Start of Exercise data
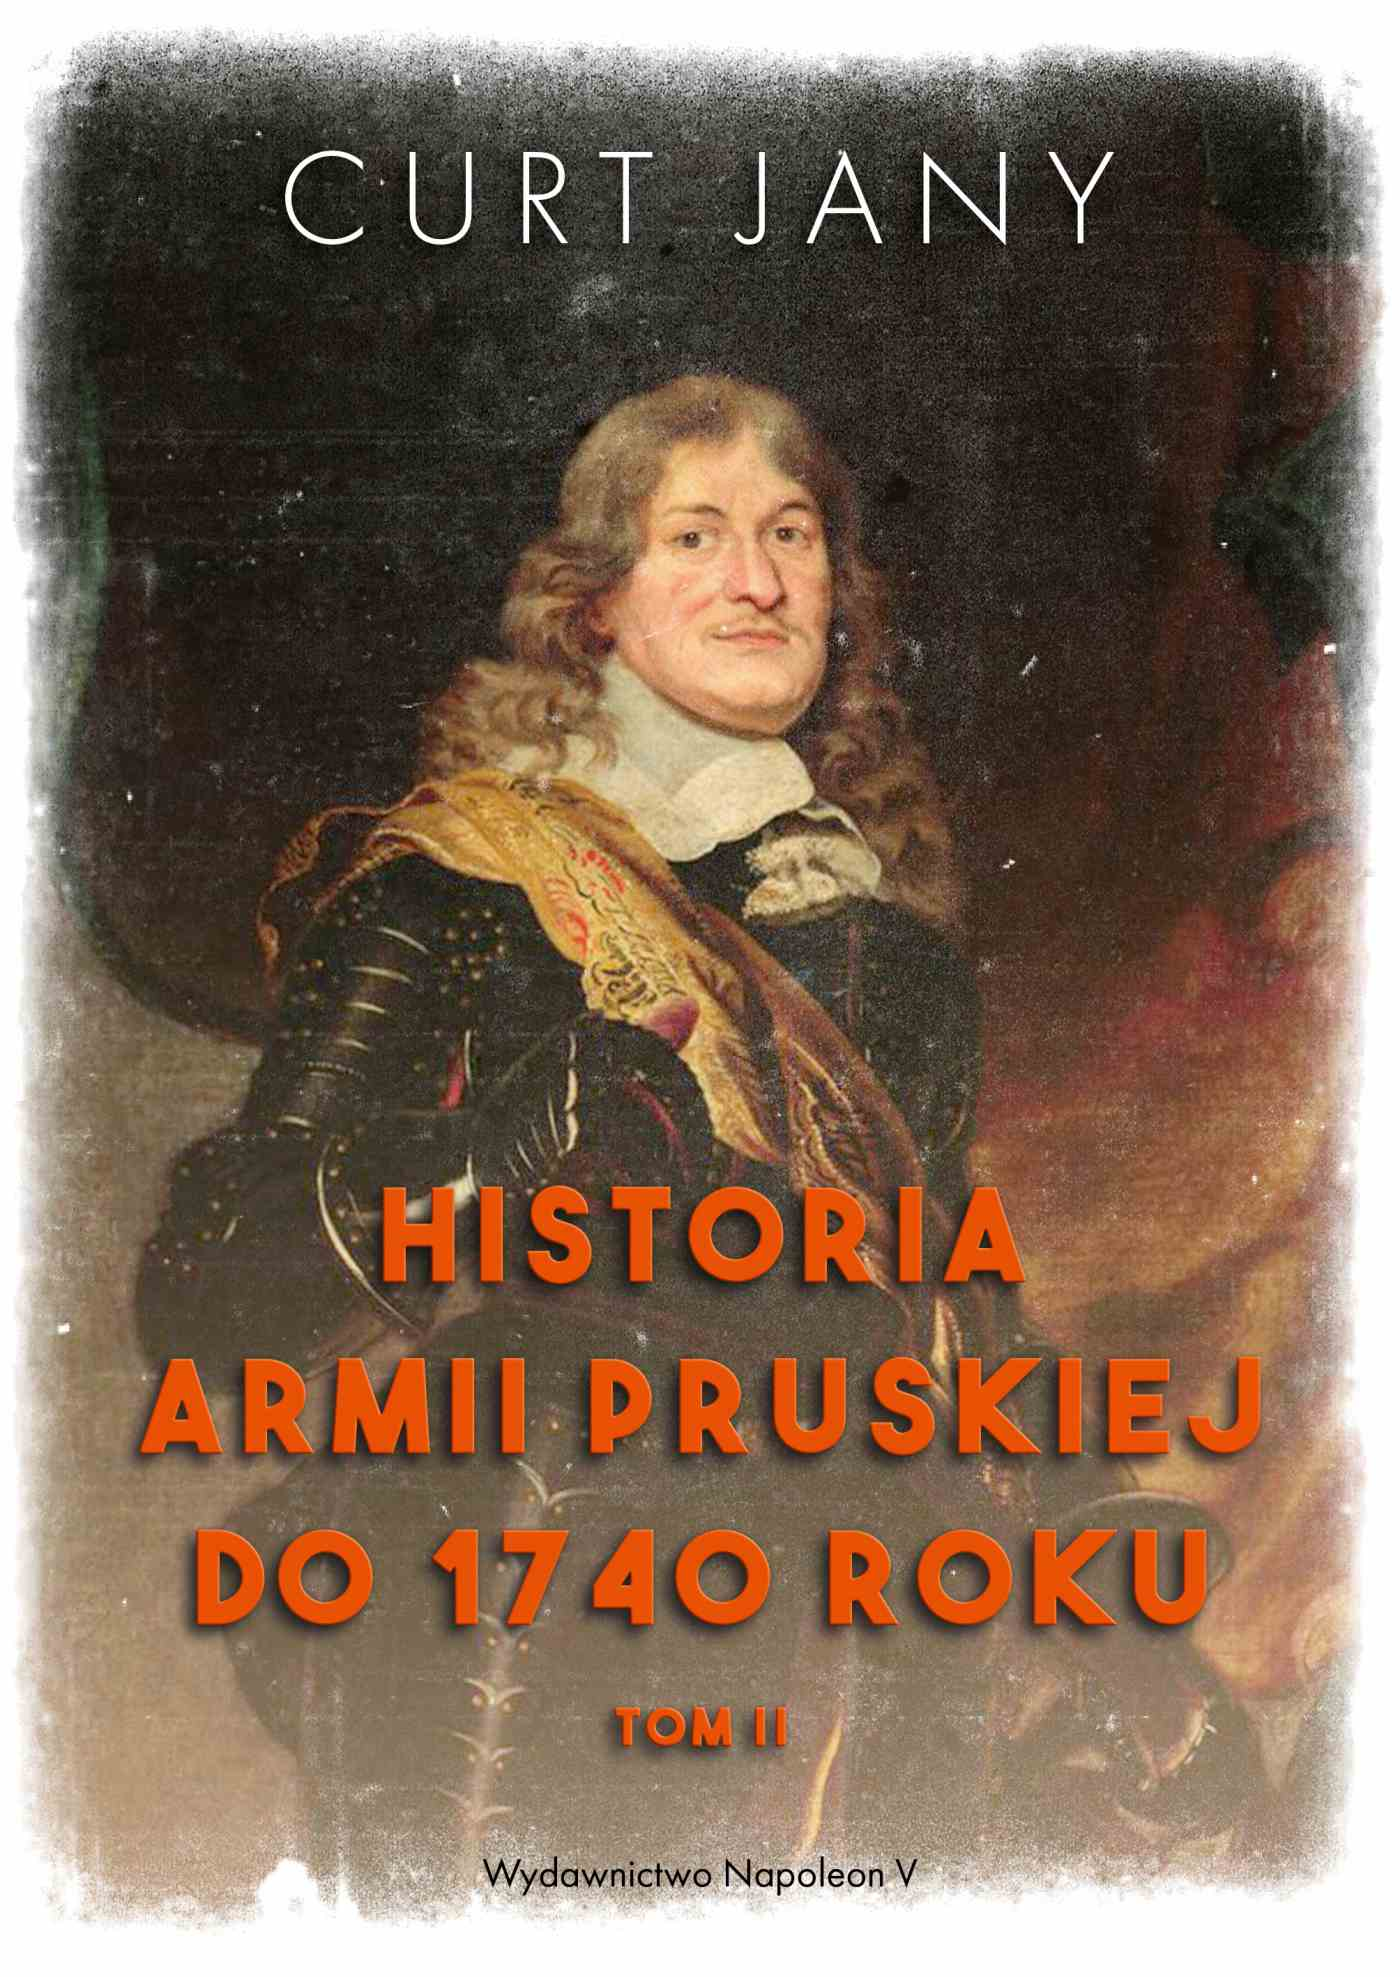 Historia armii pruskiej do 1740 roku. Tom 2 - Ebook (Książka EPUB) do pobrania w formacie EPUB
End of Exercise data
Start of Exercise data
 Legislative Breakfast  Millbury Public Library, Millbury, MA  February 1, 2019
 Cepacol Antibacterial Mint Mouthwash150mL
End of Exercise data
Start of Exercise data
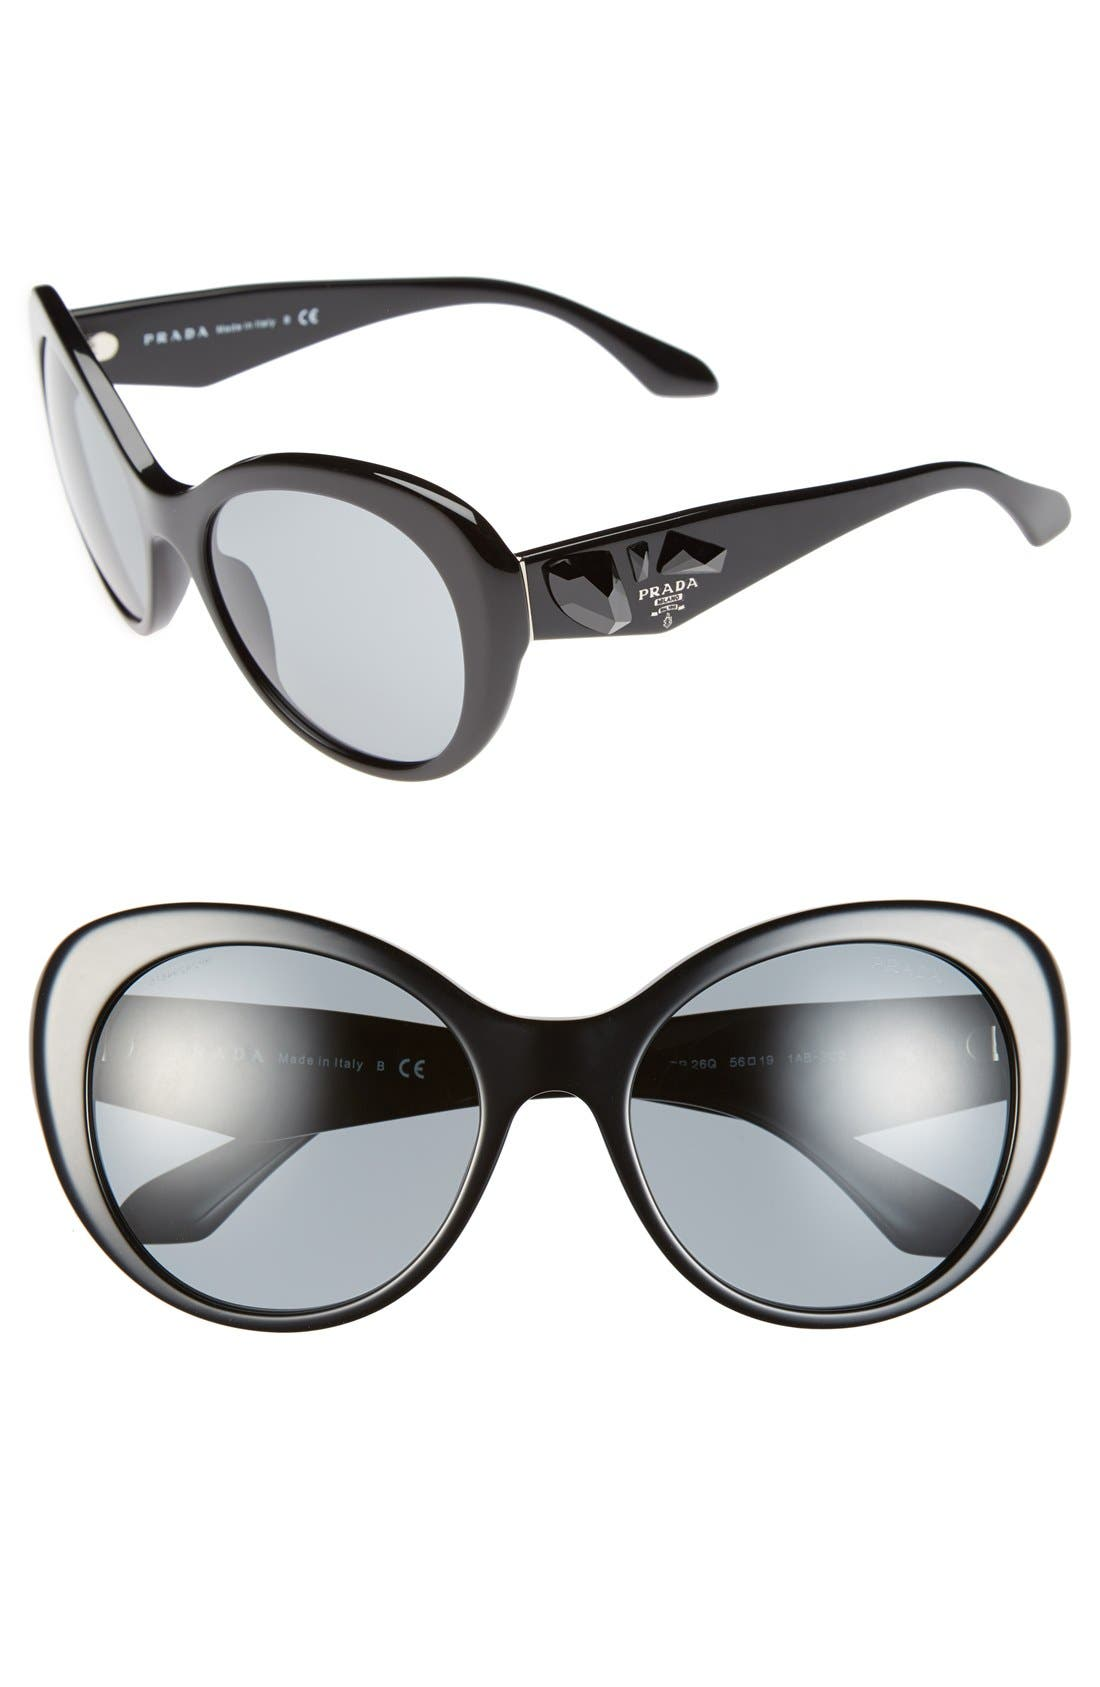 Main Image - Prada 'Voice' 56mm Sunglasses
End of Exercise data
### Required work
Only the lines above starting at the one containing "February 1, 2019" and ending at the one containing "Cepacol Antibacterial Mint Mouthwash150mL", both included, are to be returned, exactly as they read.

### Expected output
 Legislative Breakfast  Millbury Public Library, Millbury, MA  February 1, 2019
 Cepacol Antibacterial Mint Mouthwash150mL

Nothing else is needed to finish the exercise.